Sets are subject to four basic operations: add an element, remove an element, add multiple elements, or remove multiple elements.

Advantages and Disadvantages of Data Types

Conflict resolution in Riak KV can be difficult because it involves reasoning about concurrency, eventual consistency, siblings, and other issues that many other databases don’t require you to consider.

One of the core purposes behind data types is to relieve developers using Riak KV of the burden of producing data convergence at the application level by absorbing a great deal of that complexity into Riak KV itself. Riak KV manages this complexity by building eventual consistency into the data types themselves instead of requiring clients to do so.

You can still build applications with Riak KV that treat it as a highly available key/value store, and you will always have this choice. What Riak Data Types provide is additional flexibility and a broader choice palette.

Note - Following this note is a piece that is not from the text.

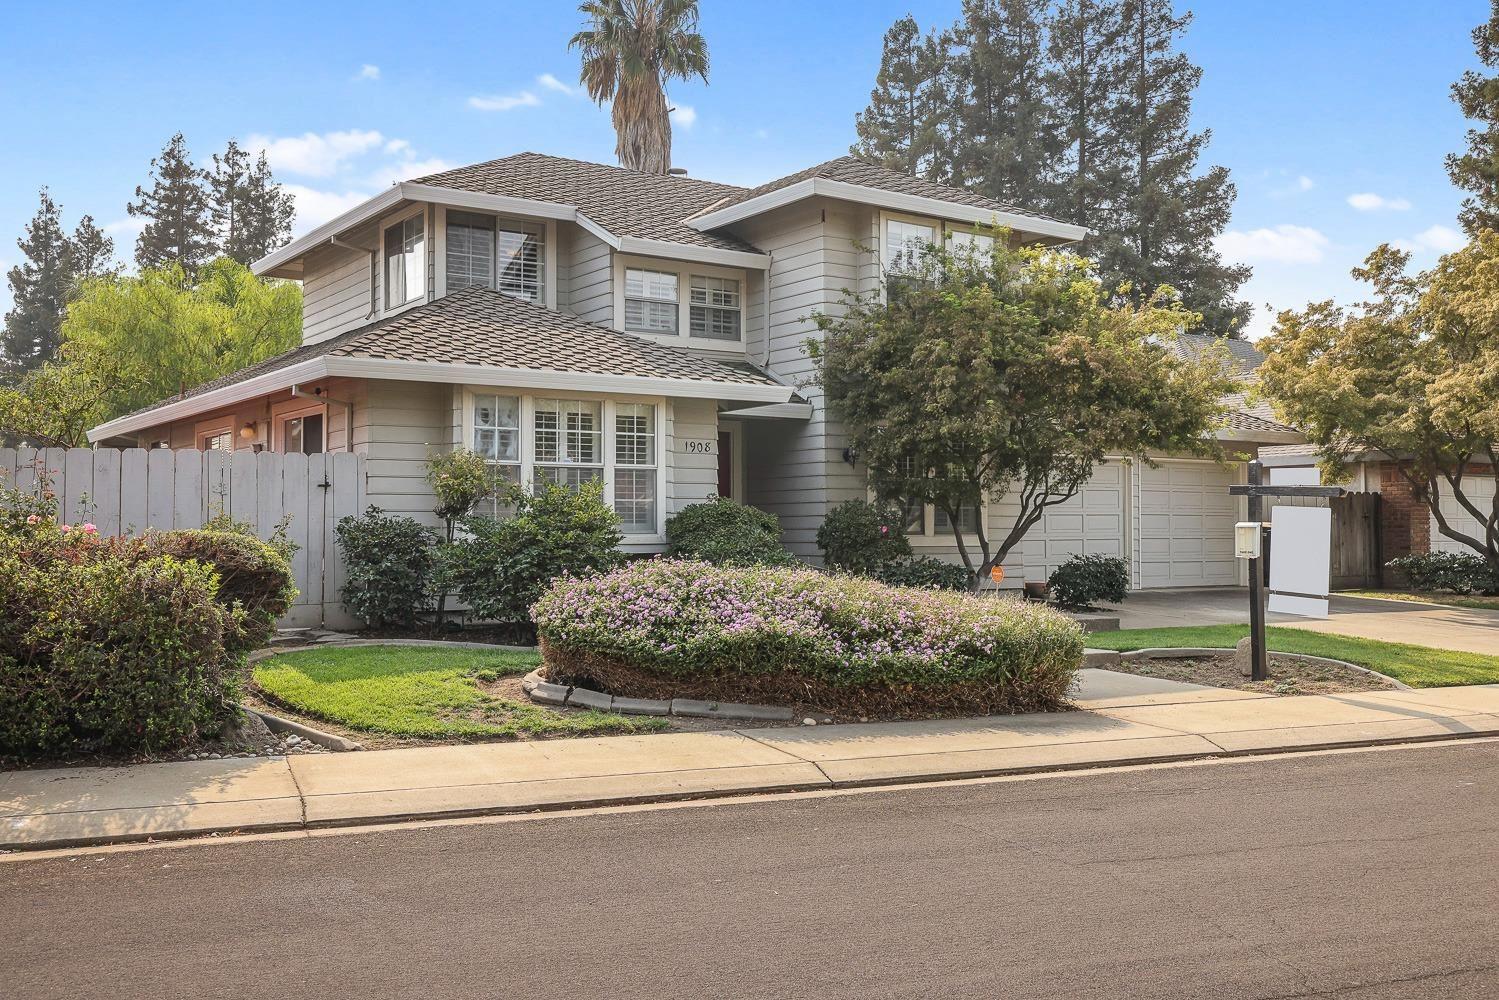 1908 Lakeshore Drive, Modesto, CA 95355 - MLS#: 221129218

The trade-off that data types necessarily present is that they don’t allow you to produce your own convergence logic. If your use case demands that you be able to create your own deterministic merge functions, then Riak Data Types might not be a good fit.

Implementation

Conflicts between replicas are inevitable in a distributed system like Riak KV.

For example, if a map is stored in the key my_map, it is always possible that the value of my_map will be different in nodes A and B.

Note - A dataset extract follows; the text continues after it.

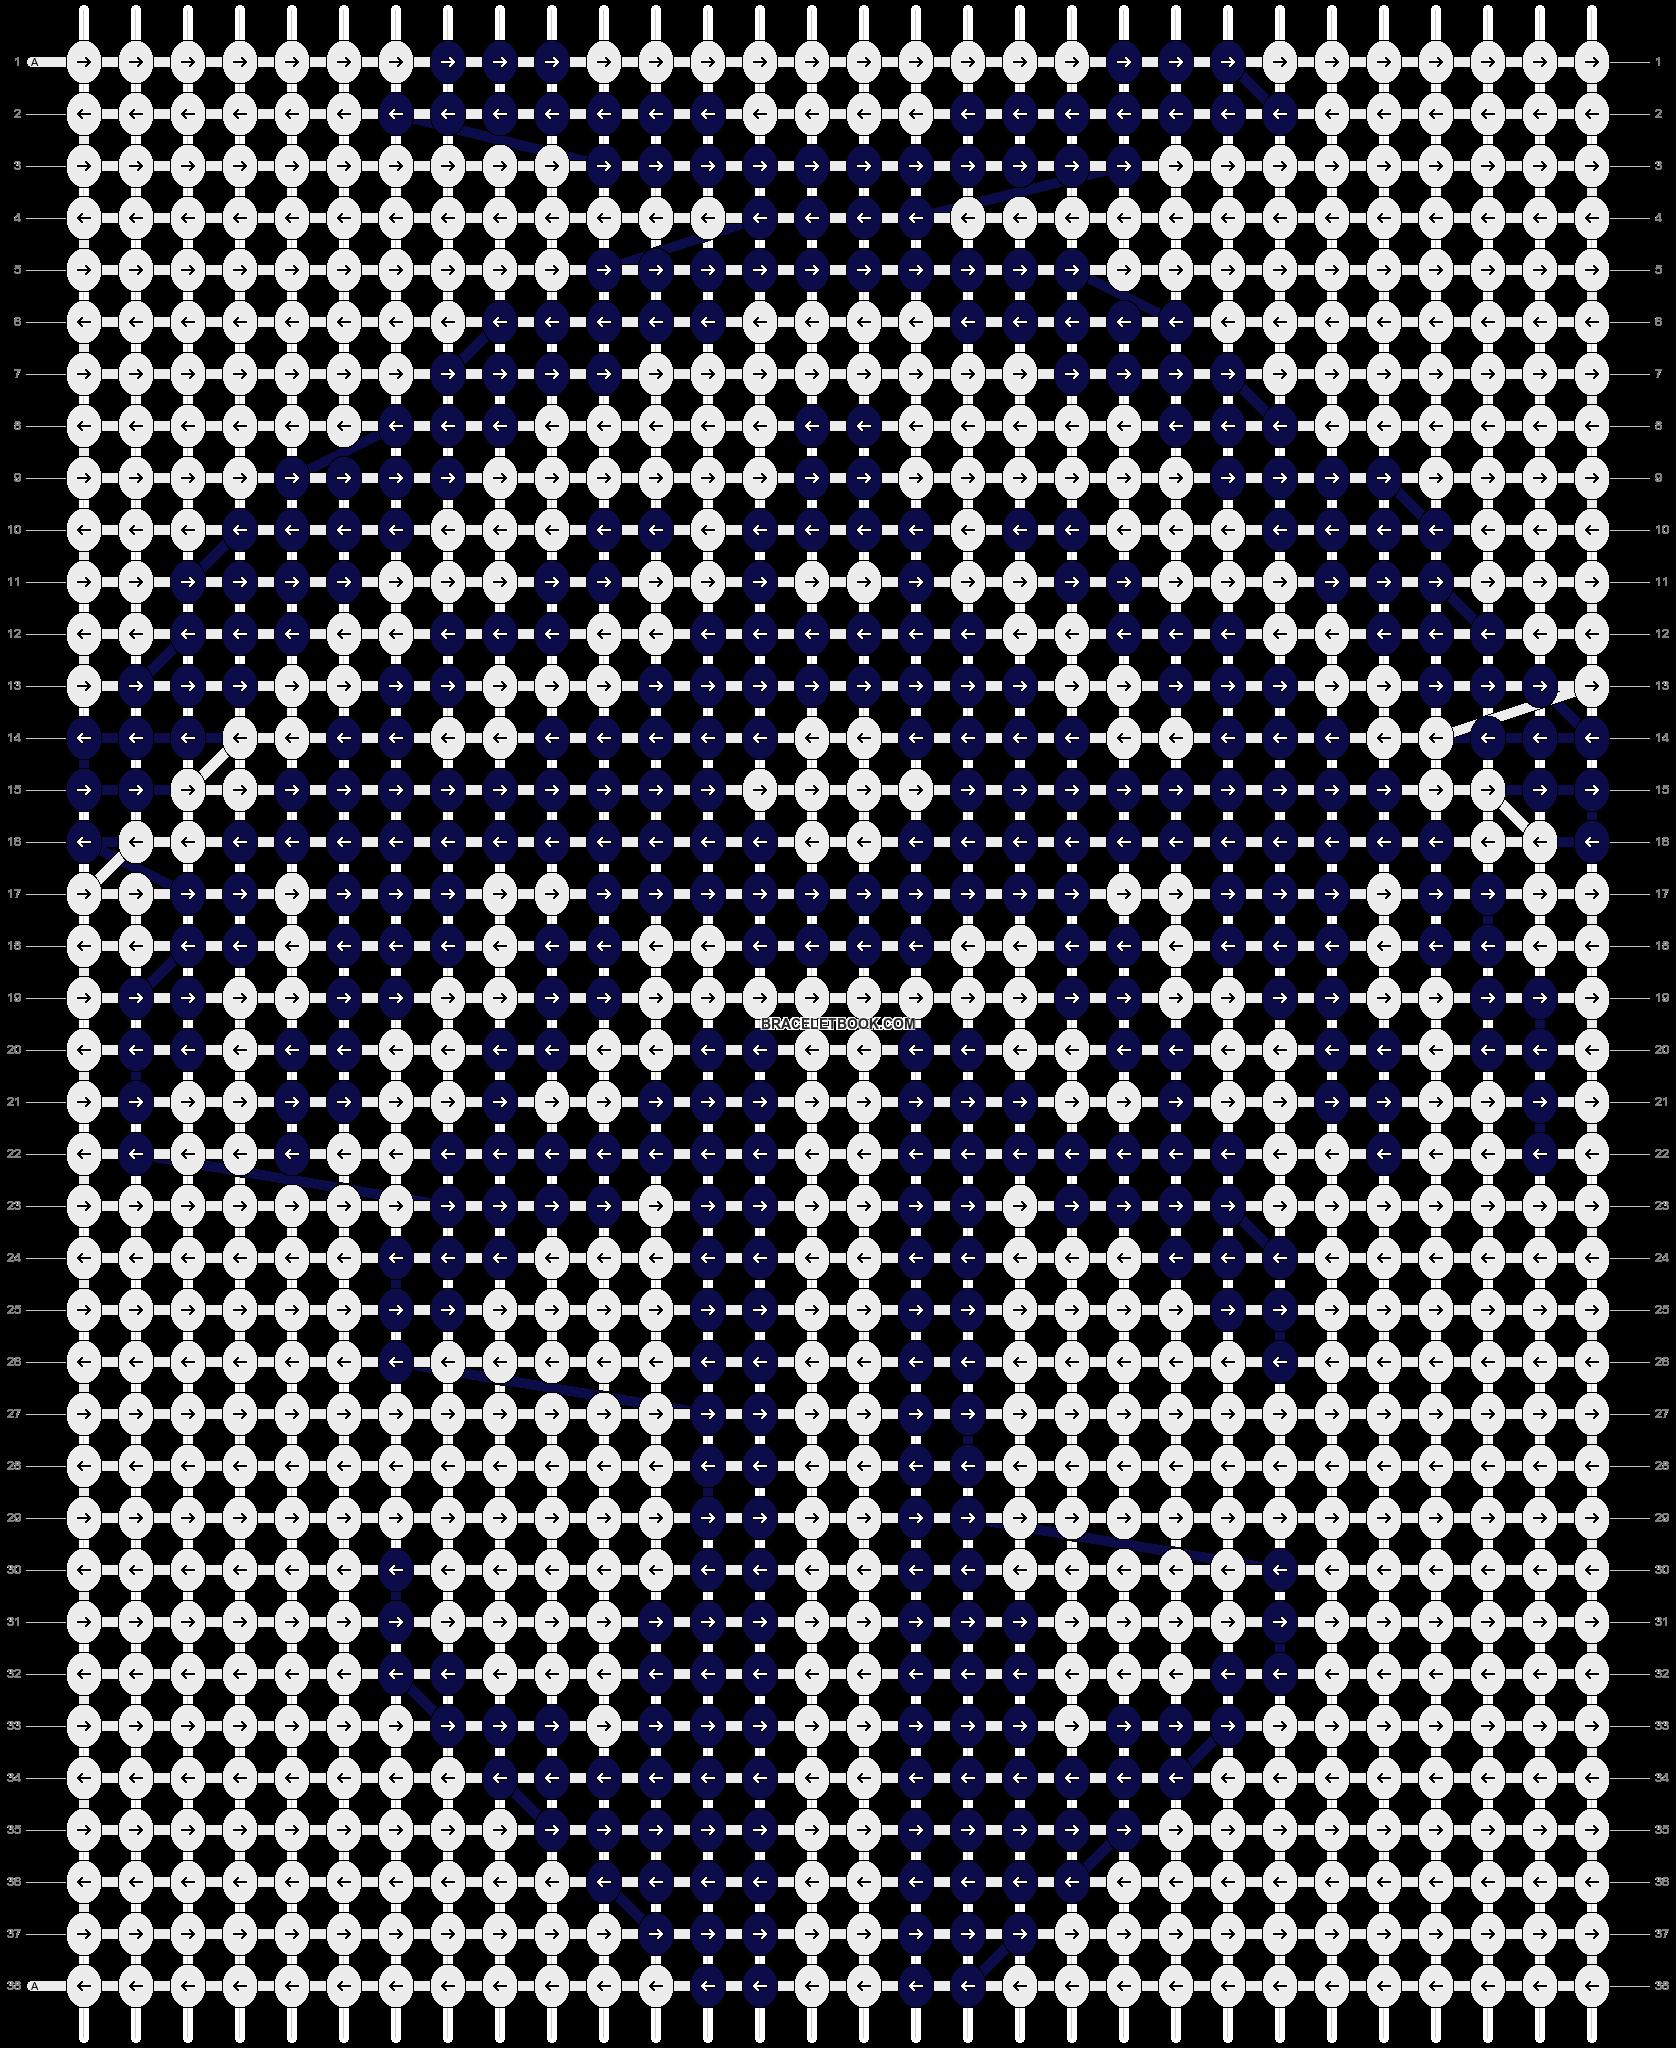 Alpha Pattern #21702 added by Rmawx3

Without using data types, that conflict must be resolved using timestamps, vector clocks, dotted version vectors, or some other means. With data types, conflicts are resolved by Riak KV itself, using a subsystem called riak_dt.

Convergence

The benefit of data types is that Riak KV knows how to resolve value conflicts by applying data type-specific rules.

Riak KV does this by remembering the history of a value and broadcasting that history along with the current value in the form of a context object that is similar to a vector clock or dotted version vectors. Riak KV uses the history of each data type to make deterministic judgments about which value should be deemed correct.

Example

Imagine a set stored in the key fruits. On one node the set fruits has two elements, apple and orange. While on another node the set has only one element, apple.

What happens when the two nodes communicate and note the divergence?

In this case Riak KV would declare the set with two elements the winner. At that point, the node with the incorrect set would be told: “The set fruits should have elements apple and orange.”

In general, convergence involves the following stages:

  1. Check for divergence. If the data types have the same value, Riak KV does nothing. But if divergence is noted…
  2. Riak KV applies data type-specific merge rules, like in the fruits set example above, which will result in a “correct” value.
  3. After the merge logic is applied and the correct value is determined, the relevant vnodes are notified and act to correct the divergence.

Convergence Rules

Convergence means that data type conflicts are weighted in a certain direction. Riak’s Data Types have their own internal weights that dictate what happens in case of conflict:

Data Type Convergence rule
Flags enable wins over disable
Registers The most chronologically recent value wins, based on timestamps
Counters Implemented as a PN-Counter (paper), so all increments and decrements by all actors are eventually applied. Every actor wins.
Sets If an element is concurrently added and removed, the add will win
Maps If a field is concurrently added or updated and removed, the add/update will win

In a production Riak KV cluster being hit by lots and lots of concurrent writes, value conflicts are inevitable. Riak Data Types are not perfect, particularly because they do not guarantee strong consistency and you cannot specify the rules yourself. But the rules that dictate the convergence logic behind the Riak Data Types were carefully chosen to minimize the potential downsides associated with value conflicts.